In this article, we propose an innovative strategy integrating these three strategies into a single pipeline for new MS lesion segmentation to tackle data rarity for our task. First, we use transfer-learning to exploit the larger and more diverse datasets available for the task of single-point MS lesion segmentation which does not require longitudinal data. Second, we propose a novel data synthesis technique able to generate two realistic time-points with new MS lesions from a single FLAIR scan. Third, we use a data-augmentation technique to simulate a large variety of artifacts that may occur during the MRI acquisitions. This technique aims to enhance both the variability and size of the training data and to improve the generalization of our model.

2. Methods and materials

2.1. Method overview

To deal with data rarity for new MS lesion segmentation, we proposed a three stage pipeline as shown in Figure 1. In Stage One, an encoder-decoder network is trained on the task of single time-point MS lesions segmentation. This step aims to train the encoder part of the network to extract relevant features related to MS lesions that can be used in the next steps. Stage One enables to indirect use of large datasets dedicated to single time-point MS lesion segmentation for the task of new lesions segmentation. This stage is detailed in Section 2.2. In Stage Two, the new lesions segmentation model composed of the previous task encoder is pretrained with synthetic data. To this end, we trained external models able to generate two realistic time-points from a single image also taken from single time-point MS datasets. It combines the effects of lesion inpainting and lesion generating models to simulate the appearance of new lesions. This strategy is detailed in Section 2.3. In Stage Three, the decoder is fine-tuned with real longitudinal data from the new MS lesion training-set of the MSSEG2 MICCAI challenge.


Figure 1. The pipeline of our new MS lesion segmentation method. The three stages include: First, the pre-training on the task of single-time-point MS lesion segmentation (Task 1). Second, pre-training on the task of new MS lesions segmentation (Task 2) with synthetic data. Third, fine-tuning the model with real data. The encoder weights are trained (T) in Stage One and freezed (F) in Stage Two and Stage Three.

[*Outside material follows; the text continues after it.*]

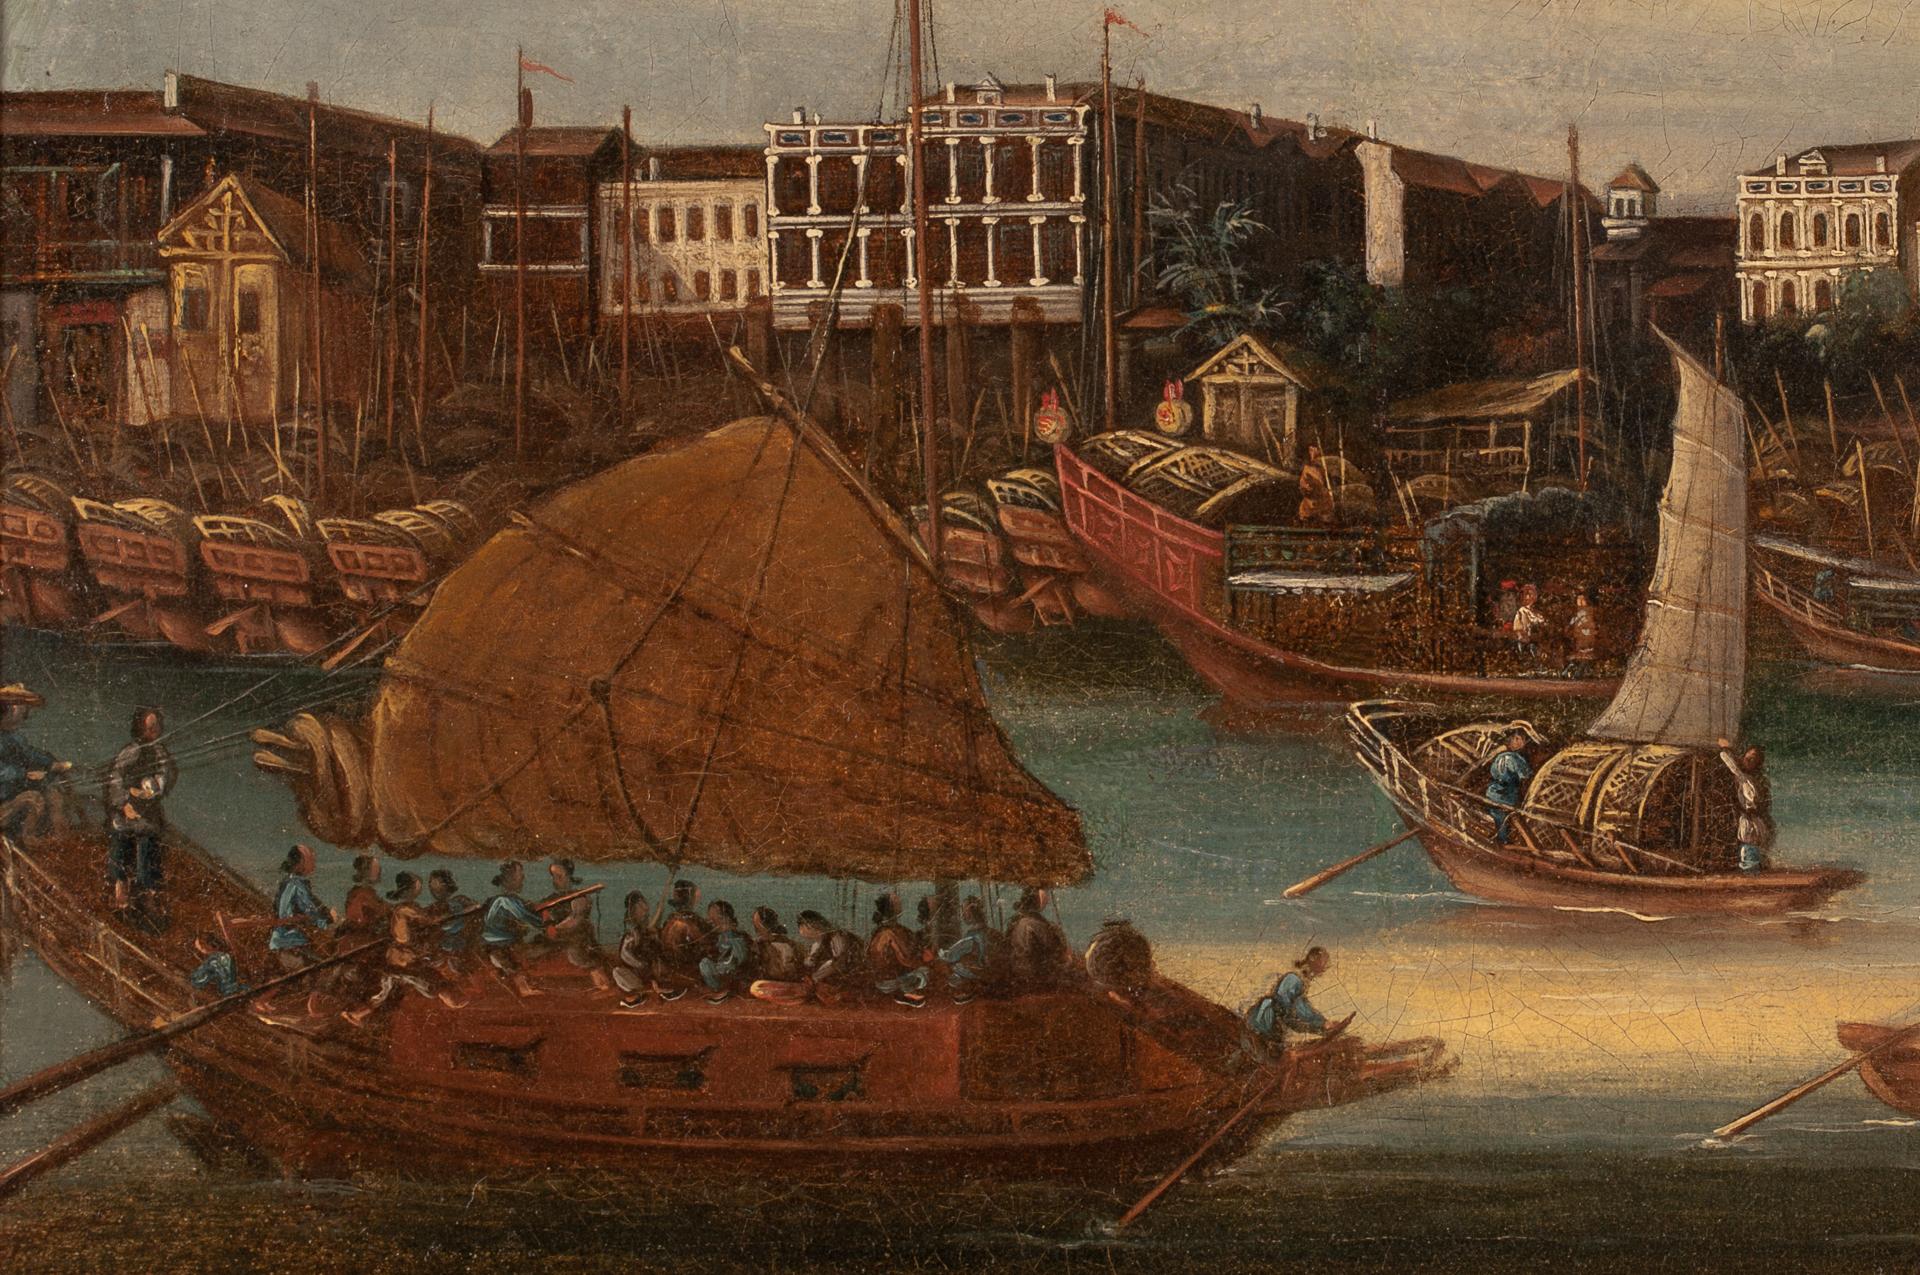 Sought by collectors worldwide, art and artifacts showing an early western presence in the Orient boomed with the opening of the China Trade by way of the sailing ship. The surviving paintings which capture the important Chinese harbors of the 18th

2.2. Transfer-learning from single time-point MS lesion segmentation task

The encoder used for new MS lesion segmentation is first trained on single time-point lesion segmentation (refer to Figure 2, from Stage One to Stage Two). This choice is motivated by two reasons. First, we consider that datasets for MS lesion segmentation with lesion mask segmentation by experts are more diverse and larger than available datasets for new lesion segmentation (which requires a longitudinal study). Second, the task of MS lesion segmentation is tightly close to the one of new MS lesion segmentation. By learning to segment lesions, the model implicitly learns the concept of a lesion, either the lesion is considered new or was already existing in the first time-point. To conclude, since there is a proximity between the two tasks, there is likely a gain from exploiting a large amount of training data for the first task to improve the second task's performance.


Figure 2. The diagram represents our training method. Input images are augmented with the proposed method (DA). The encoder trained in Stage One is used in Stage Two and Stage Three to extract feature maps (FMs) of the two-time points. The aggregation block (Concat. FMs) is used to combine features.

2.2.1. Model architecture design

Our method is based on the transfer learning from the task of “Single time-point MS lesion segmentation” to the task of “new lesions segmentation from two time-points.” Thus, two different architectures are used but with the same building blocks for each task. For the first task, a 3D U-Net shape architecture is used, as shown in Figure 3A. This kind of architecture has been very effective and robust for MS lesion segmentation (Isensee et al., 2021; Kamraoui et al., 2022). It is composed of an encoder and a decoder linked with one another by skip connections.


Figure 3. (A) Represents U-Net like architecture composed of an encoder (in red) and a decoder for the task of MS lesion segmentation (in green). This task requires a single time-point as input and produces the MS lesion mask. (B) Shows a siamese-encoder (in red) to extract the same sets of features from the two time-points. Same-level features are aggregated with a combination module and are forwarded to a decoder for the task of new lesions segmentation (in blue).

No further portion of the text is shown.